Religion comes into health-care debate on side of compassion
The votes from Republican Senators Susan Collins, John McCain and Lisa Murkowski to stop their party’s repeal-Obamacare juggernaut were demonstrations of genuine courage.
The appearance of this virtue in a dark time is not necessarily miraculous, but I couldn’t help noticing the striking intervention in this debate by 7,150 American nuns who called the Senate GOP’s core proposal “the most harmful legislation for American families in our lifetimes.”
In a letter organized by the Catholic social justice lobby NETWORK, the nuns cited Pope Francis — “health is not a consumer good, but a universal right, so access to health services cannot be a privilege” — and noted matter-of-factly: “To cut Medicaid and take health care from millions of people is not a pro-life stance.”
Their plea was a reminder, particularly to more secular liberals, that religious witness in politics is not confined to the political right.
In speaking out as they did, the socially minded nuns — who do the work of justice and mercy every day in hospitals, clinics, homeless shelters and schools — made clear that depriving millions of Americans of health coverage truly is a moral outrage.
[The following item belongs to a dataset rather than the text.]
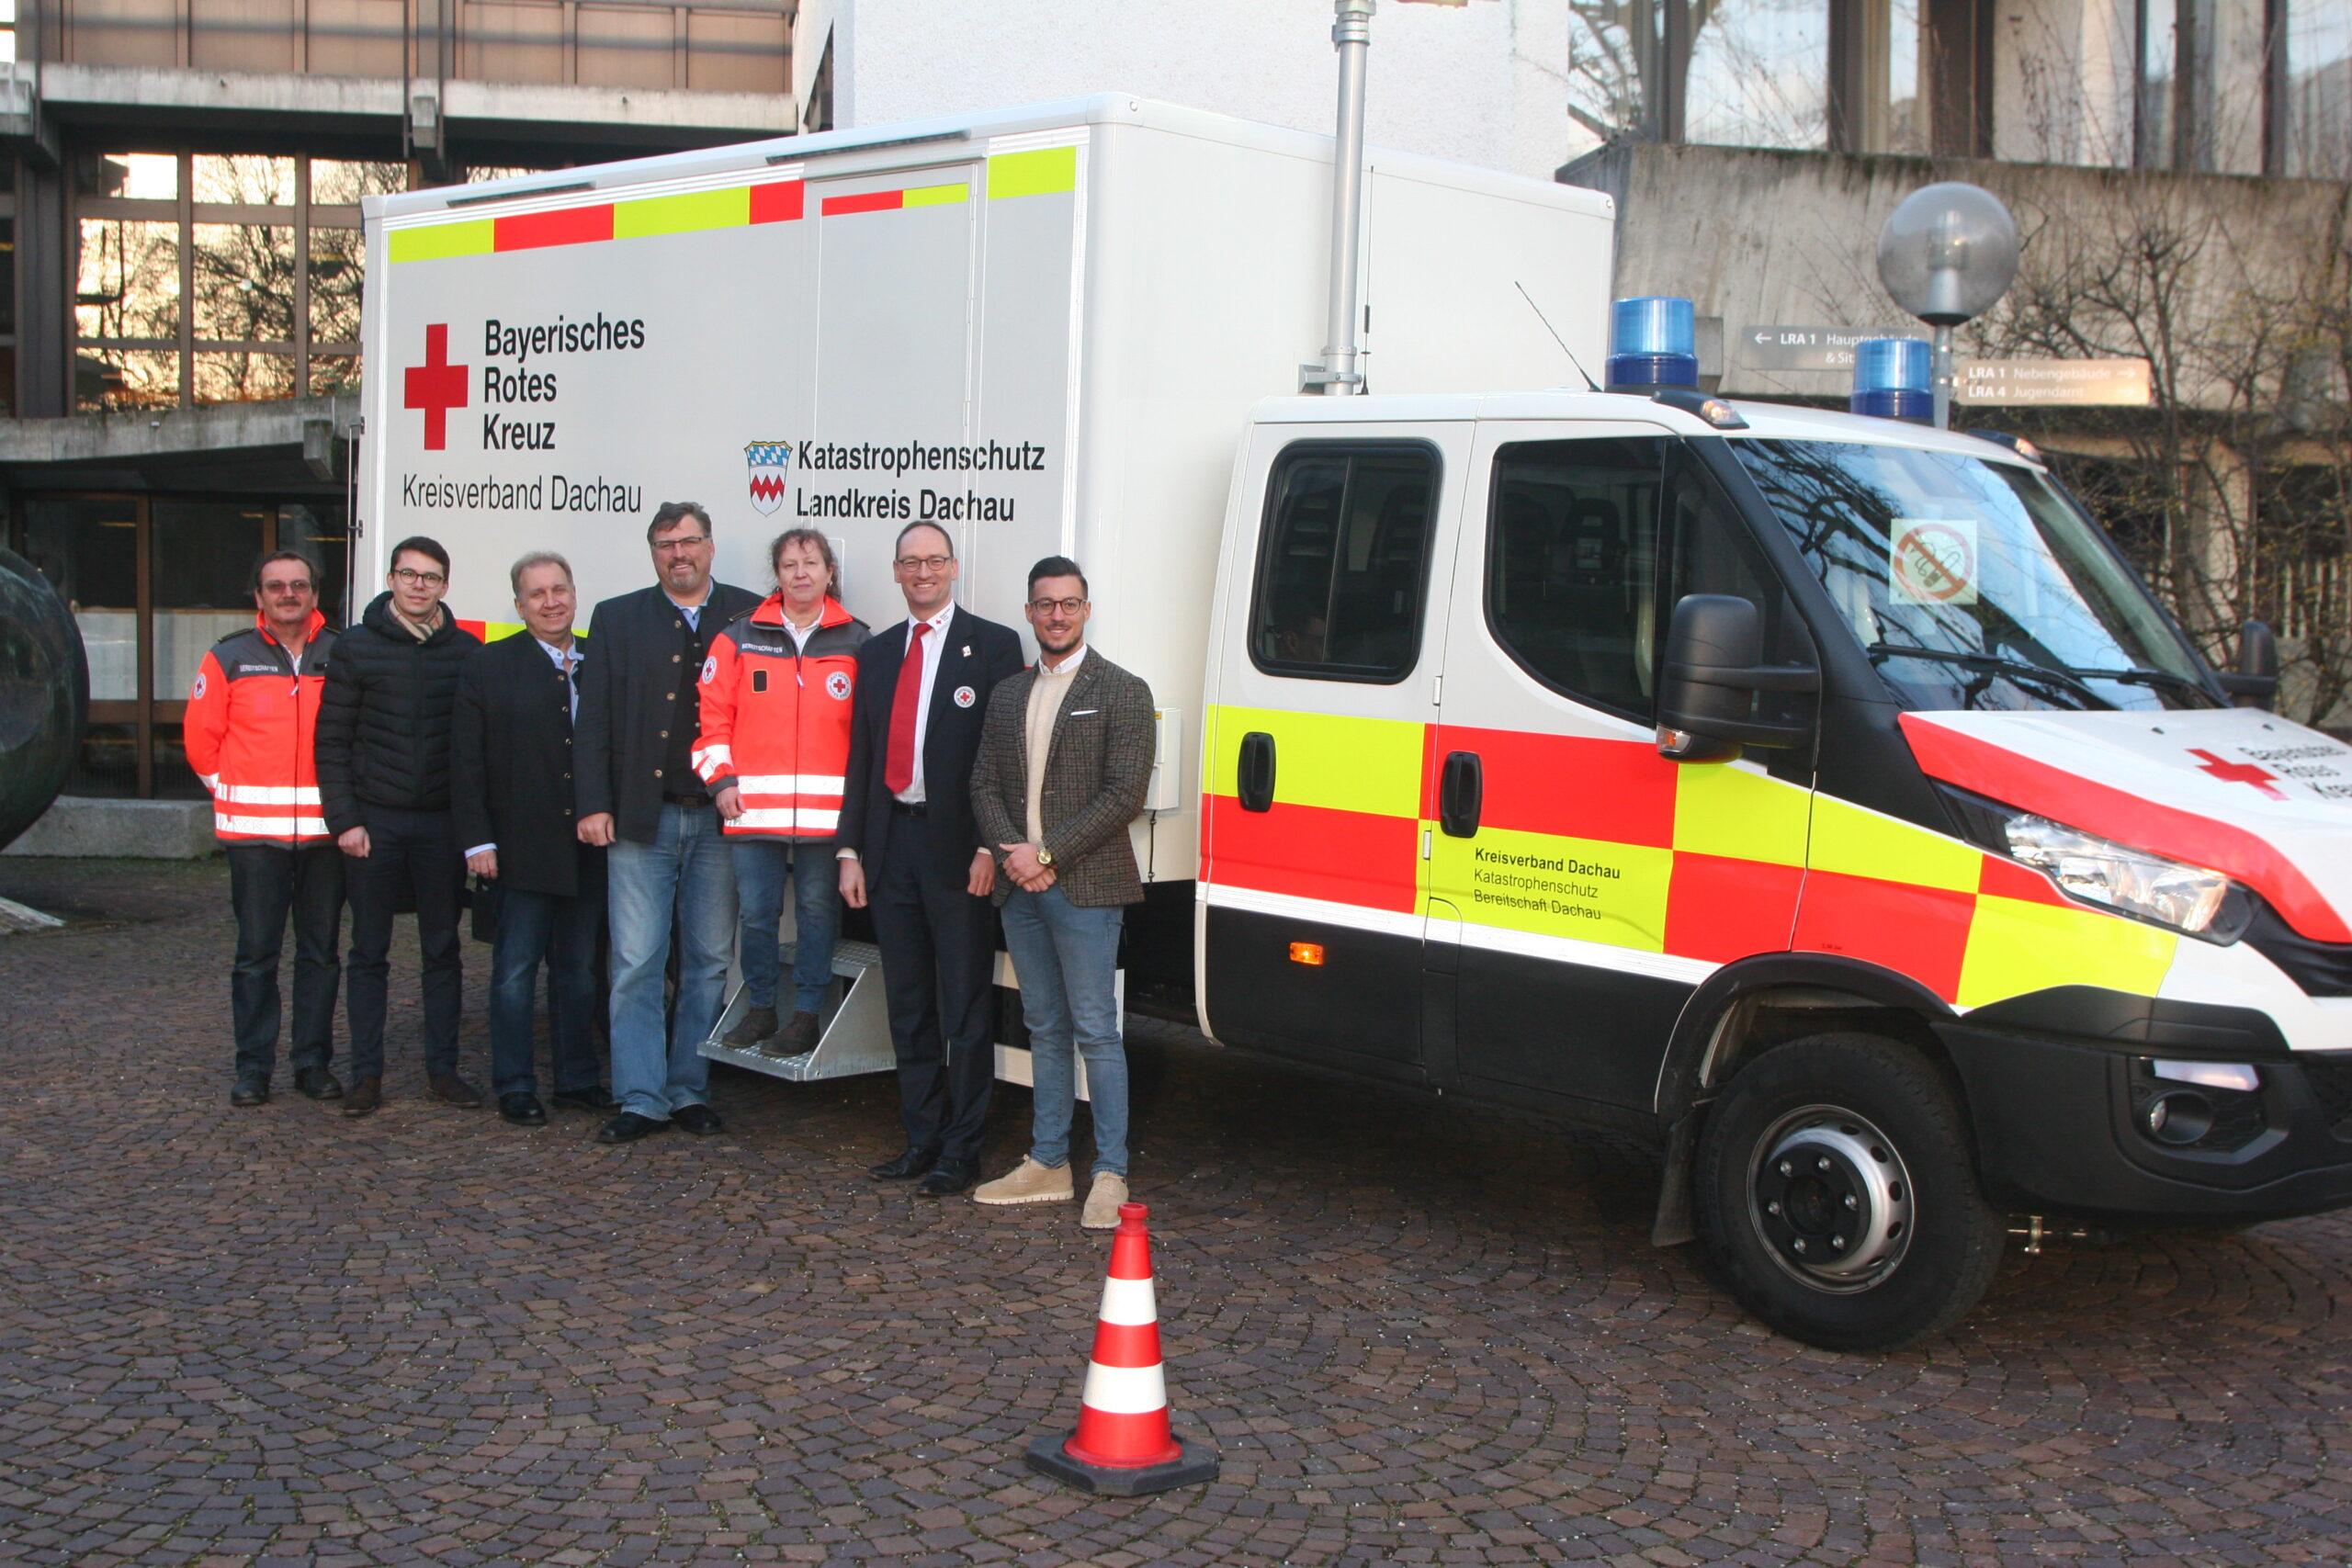 Foto (von li nach re): Erwin Jocham, Dennis Behrendt, Franz Bründler, Stefan Löwl, Birgitta Huber, Bernhard Seidenath und Maximilian Mayer.

But while the most conservative among the faithful might not appreciate it, the sisters also did a service to believers of all stripes by demolishing stereotypes about what it means to be religious.
This is important because religion and the political standing of believers are badly harmed by the reality that so many Americans associate faith exclusively with the conservative movement. Large numbers of young people are abandoning organized religion (and particularly Christianity) altogether. A key reason: They see it as deeply hostile to causes they embrace, notably the rights of gays and lesbians.
A PRRI survey in 2014 found that among millennials who no longer identify with their childhood religion, nearly a third said that “negative teachings about, or treatment of, gay and lesbian people” were either somewhat or very important to their disaffiliation.
It’s true that some, particularly but not exclusively on the left, criticize religion and those devoted to it on principle. They believe, devoutly you might say, that faith in God is irrational and destructive. They see religion as promoting passivity, conformity and, in extreme cases, violence. The popularity of the late Christopher Hitchens’ book “god is not great” — Hitchens did not capitalize “God” on purpose — speaks to the strength of this view among a sizable group of Americans.
But studies by PRRI and the Pew Research Center suggest that at least some who have moved away from formal religious affiliation do not see belief itself as a bad thing and remain spiritually engaged. They are turned off by the worldly, not the otherworldly, aspects of religion.
A critic could fairly observe that the argument I offer here is naturally congenial to me as a liberal.
Nonetheless, my conservative brethren who worry about religion’s decline should consider that a rampant secularism may be less to blame than a narrowing of the scope of faith-based public engagement.
Pope Francis’ insistence that the church be associated more with justice and mercy than with cultural warfare can thus be seen as precisely the right antidote for what ails organized religion.
The sisters are right that claims to compassion and love are hollow when they are severed from society’s obligations to the most vulnerable. They also make clear that faith is something more than a cog in the status quo’s political machine.